**Dataset extract**:
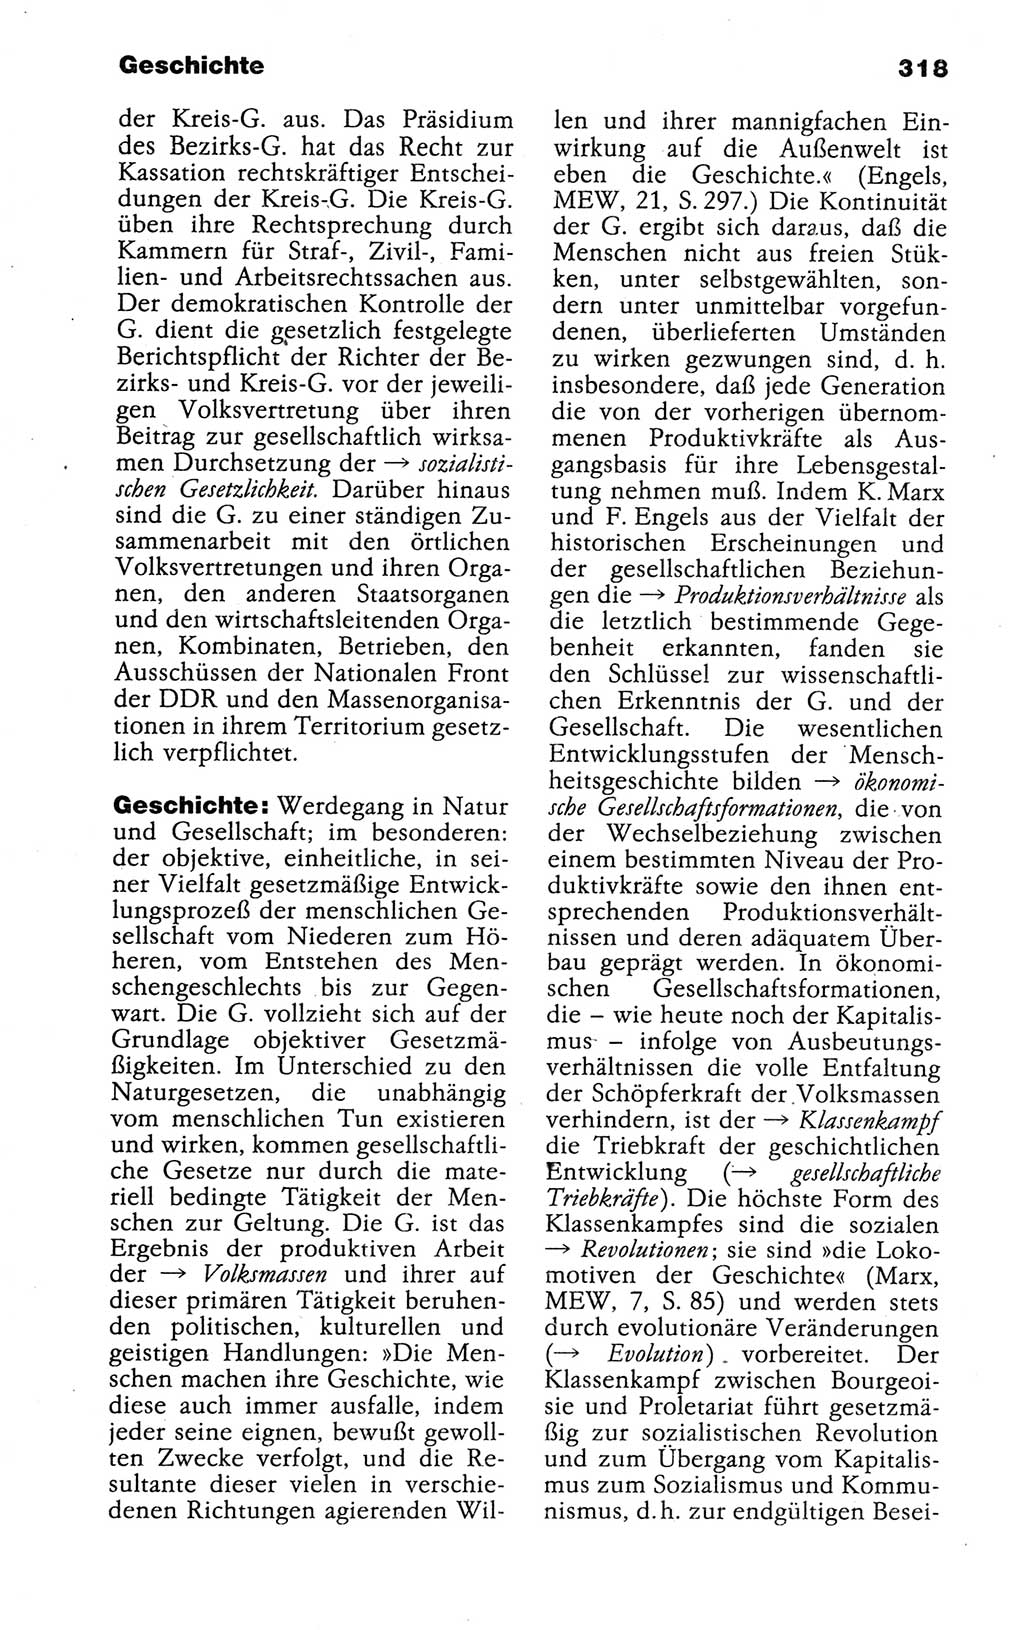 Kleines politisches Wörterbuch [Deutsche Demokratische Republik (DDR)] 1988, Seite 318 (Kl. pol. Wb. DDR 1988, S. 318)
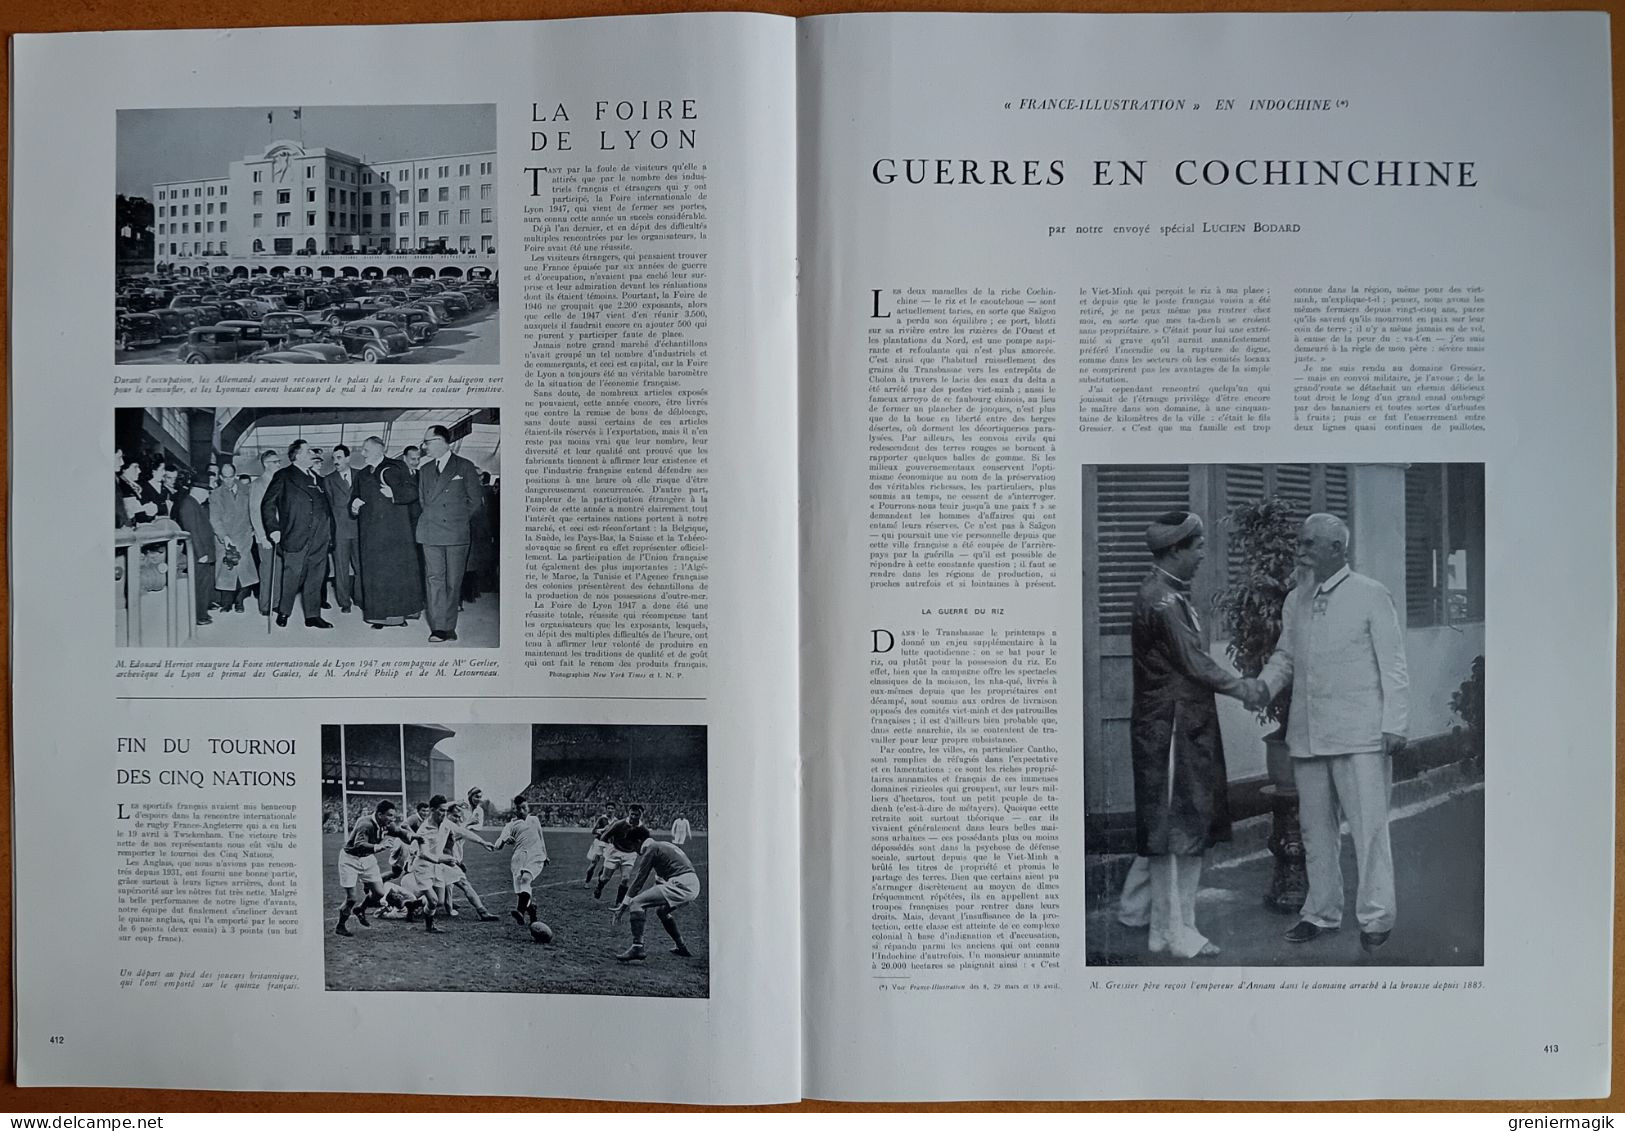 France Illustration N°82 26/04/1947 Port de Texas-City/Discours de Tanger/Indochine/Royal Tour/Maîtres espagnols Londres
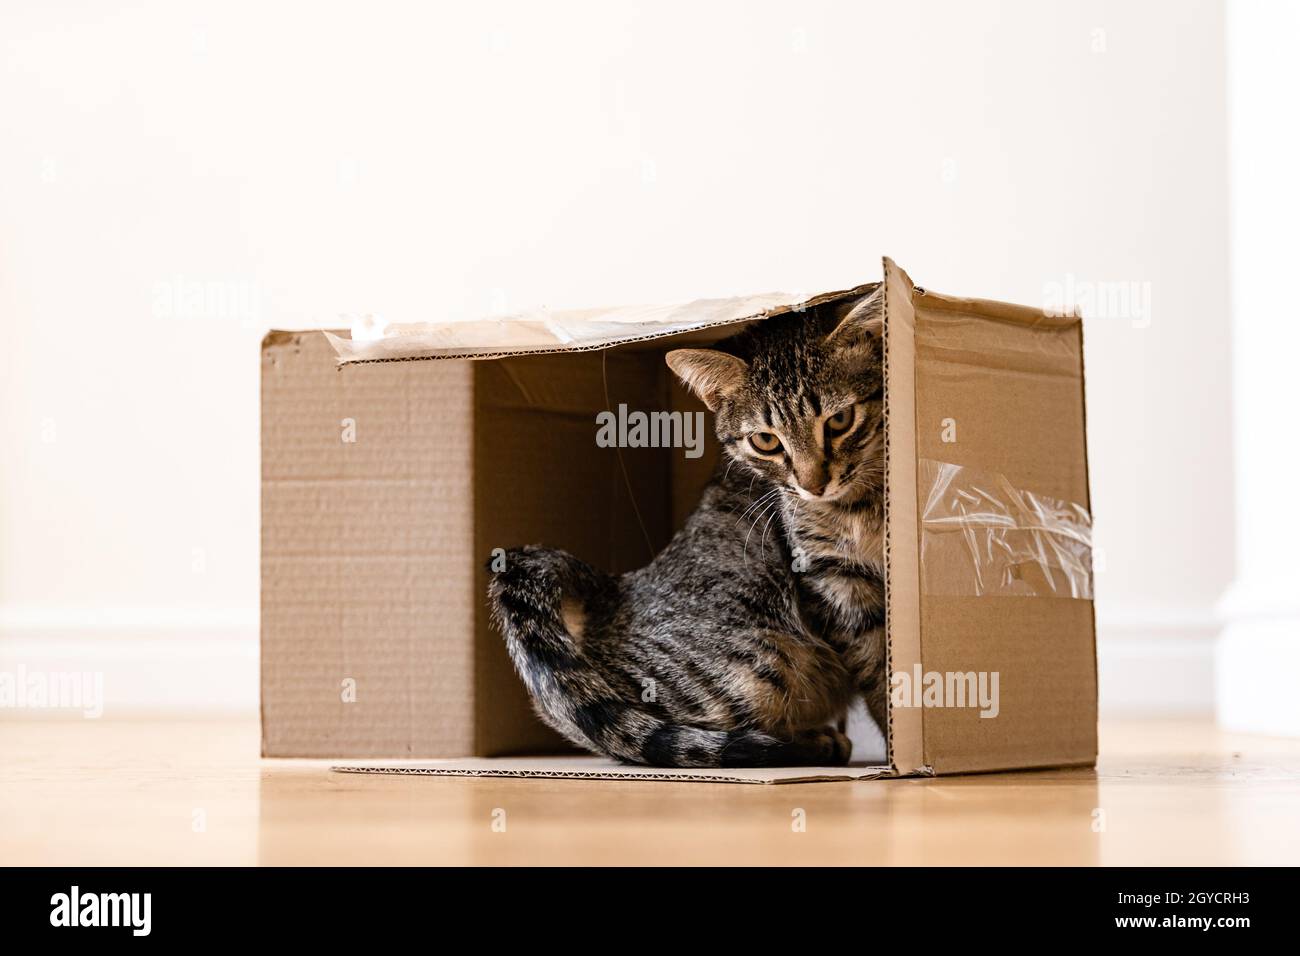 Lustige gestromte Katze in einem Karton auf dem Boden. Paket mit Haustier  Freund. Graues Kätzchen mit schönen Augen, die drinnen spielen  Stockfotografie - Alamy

**Exercise goal**: Leave the pictures out, and copy exactly each line from the one containing "France Illustration N°82" through the final line of the data.

**Response area**:
 France Illustration N°82 26/04/1947 Port de Texas-City/Discours de Tanger/Indochine/Royal Tour/Maîtres espagnols Londres
 Lustige gestromte Katze in einem Karton auf dem Boden. Paket mit Haustier  Freund. Graues Kätzchen mit schönen Augen, die drinnen spielen  Stockfotografie - Alamy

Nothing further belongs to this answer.